L’Office du président de la République est sorti de son silence après la diffusion, sur les réseaux sociaux, d’une vidéo et de commentaires concernant des travaux prévus à la résidence privée du président Dharam Gokhool. Dans un communiqué daté du 29 juillet, la présidence affirme qu’il ne s’agit pas de rénovations de confort, mais exclusivement d’aménagements liés à la sécurité du chef de l’État.
La State House rappelle que la protection du président relève de la responsabilité de l’État, qu’il réside dans sa demeure officielle du Réduit ou dans une propriété privée. Cette prise en charge s’inscrirait, selon le communiqué, dans une pratique ancienne appliquée aux différents chefs de l’État.
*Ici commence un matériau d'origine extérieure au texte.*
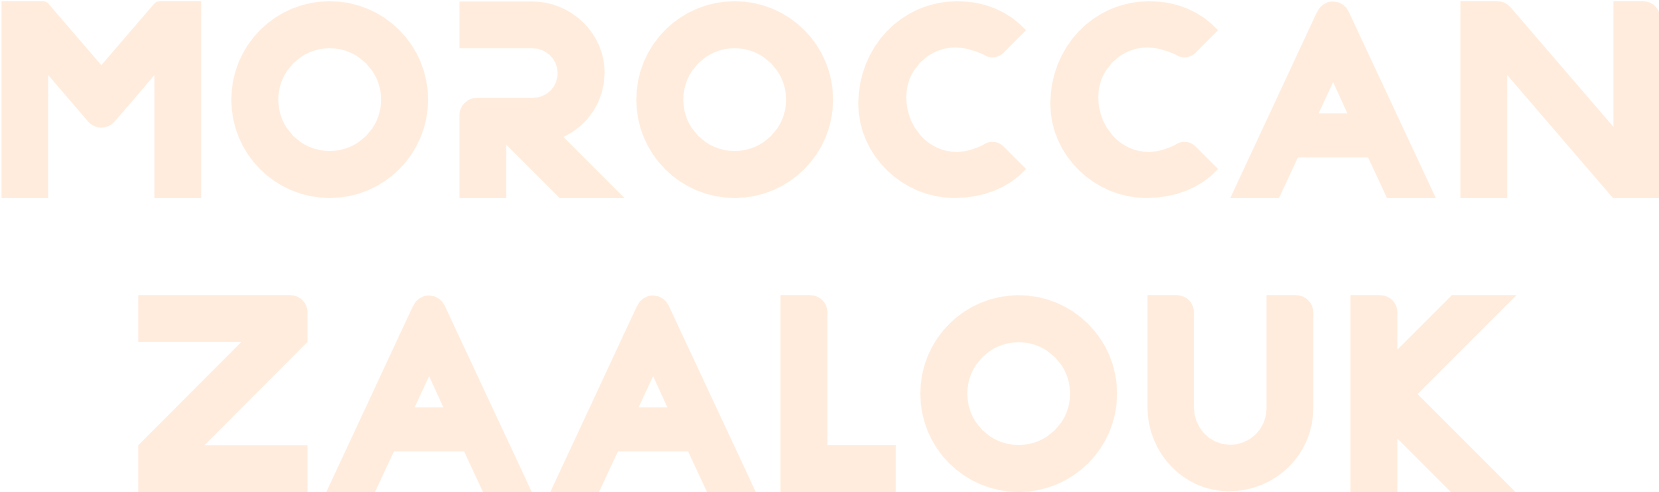 Moroccan Zaalouk logo

La présidence précise que plusieurs titulaires de la fonction ont, à différentes périodes, choisi de résider dans leur propriété personnelle. Dans chaque cas, l’État aurait mis en place les dispositifs nécessaires conformément aux protocoles de sécurité.
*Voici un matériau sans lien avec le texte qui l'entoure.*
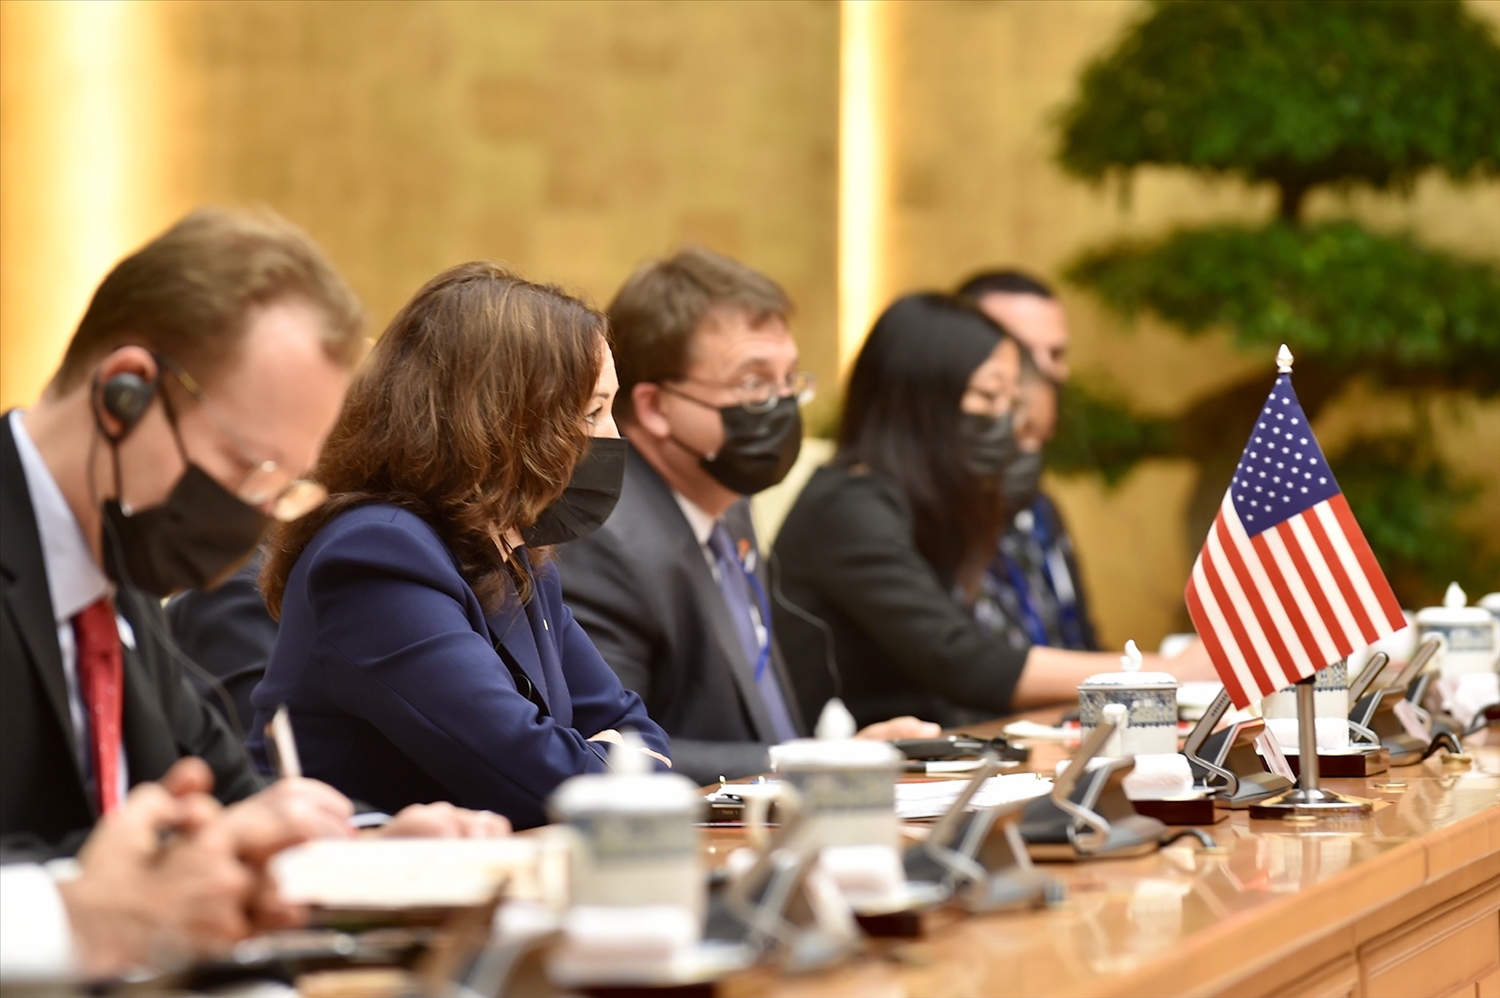 Phó Tổng thống Kamala Harris tái khẳng định Hoa Kỳ ủng hộ một Việt Nam mạnh, độc lập, thịnh vượng và cam kết tiếp tục thúc đẩy quan hệ ngày càng sâu rộng, ổn định, vững chắc thời gian tới. - Ảnh: VGP/Nhật Bắc

Selon les chiffres disponibles, ces travaux sont estimés autour de Rs 19 millions et que la demande a été initiée par le secrétariat de la présidence .
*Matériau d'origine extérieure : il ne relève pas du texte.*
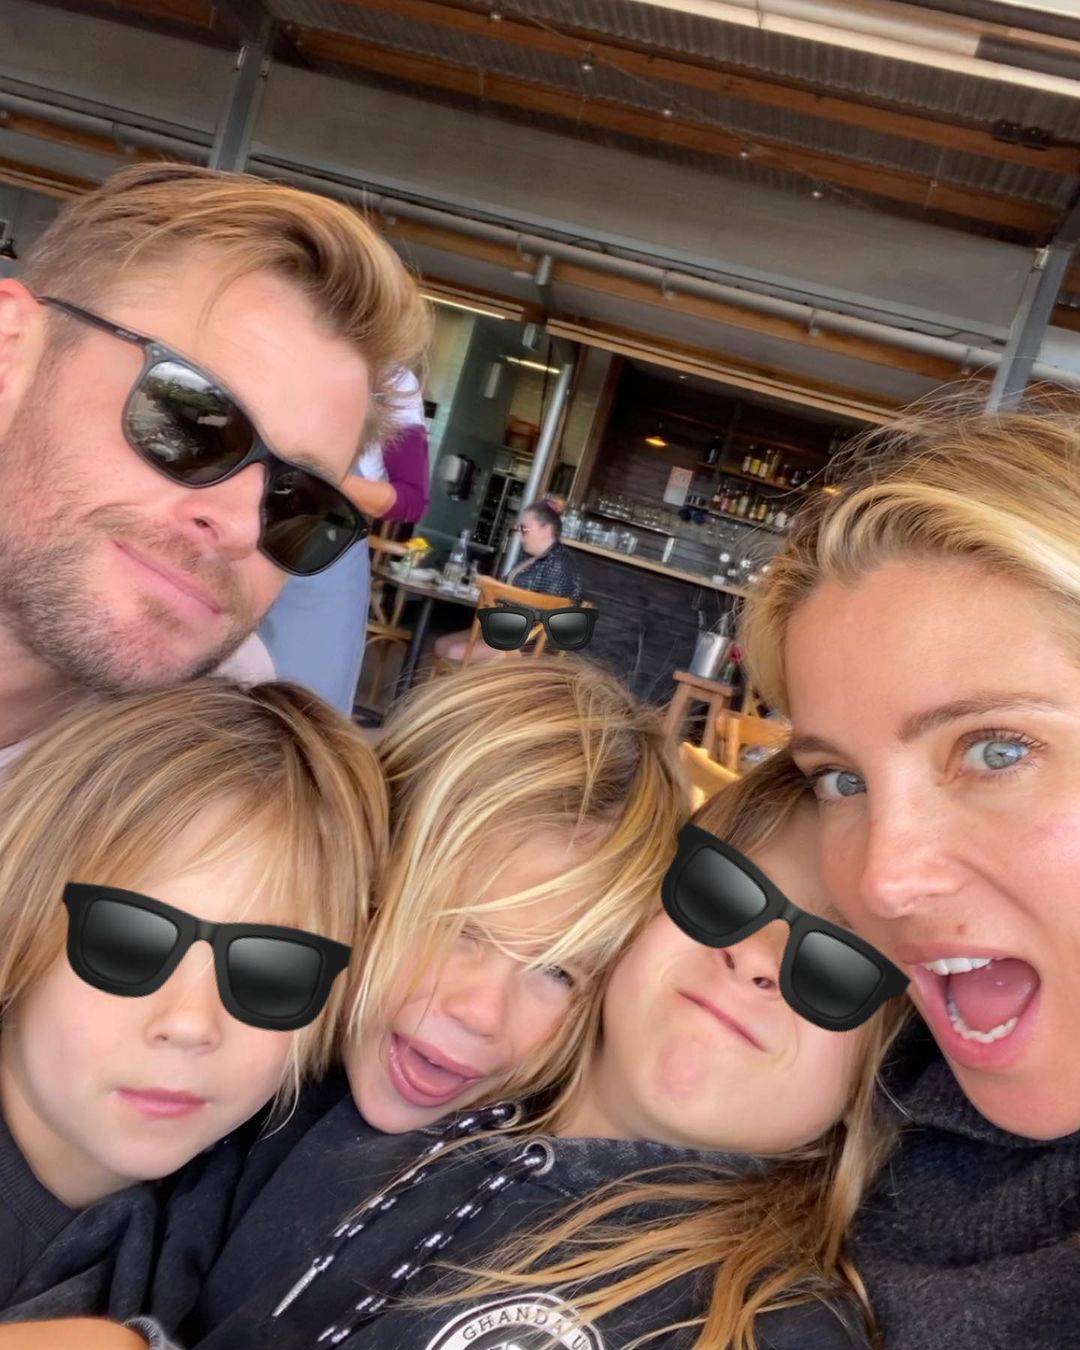 Chris Hemsworth obiteljskom je fotkom razbijesnio fanove: 'Daj pazite što radite, opasno je!'

Un audit de sécurité à l’origine du projet
Les travaux envisagés à la résidence privée de Dharam Gokhool auraient été recommandés par la Security Division du bureau du Premier ministre à la suite d’un audit de la propriété. L’Office du président assure que les procédures prévues ont été respectées conformément à la loi.
Le communiqué ne précise cependant ni la nature des aménagements, ni leur calendrier, ni leur mode d’attribution. Il ne fournit pas davantage de ventilation des coûts annoncées. La présidence invoque la confidentialité attachée à la sécurité du chef de l’État, conformément, dit-elle, aux pratiques internationales.
La prise en charge de cette protection par l’État est conforme au principe voulant que la sécurité soit attachée à la fonction présidentielle, que son titulaire réside au Réduit ou dans une propriété personnelle. Cette responsabilité ne devrait toutefois pas conduire à une absence totale d’informations.
Sans révéler les caractéristiques techniques des installations, il demeure possible de communiquer leur coût global, la ligne budgétaire utilisée, les procédures suivies et les mécanismes de contrôle. Ces renseignements relèvent de la gestion des fonds publics et ne compromettent pas nécessairement la sécurité présidentielle.
Une distinction doit enfin être établie entre les équipements strictement sécuritaires et d’éventuels travaux susceptibles d’augmenter durablement la valeur de la propriété. Le statut des installations financées par l’État, ainsi que leur devenir à la fin du mandat, restent également à préciser.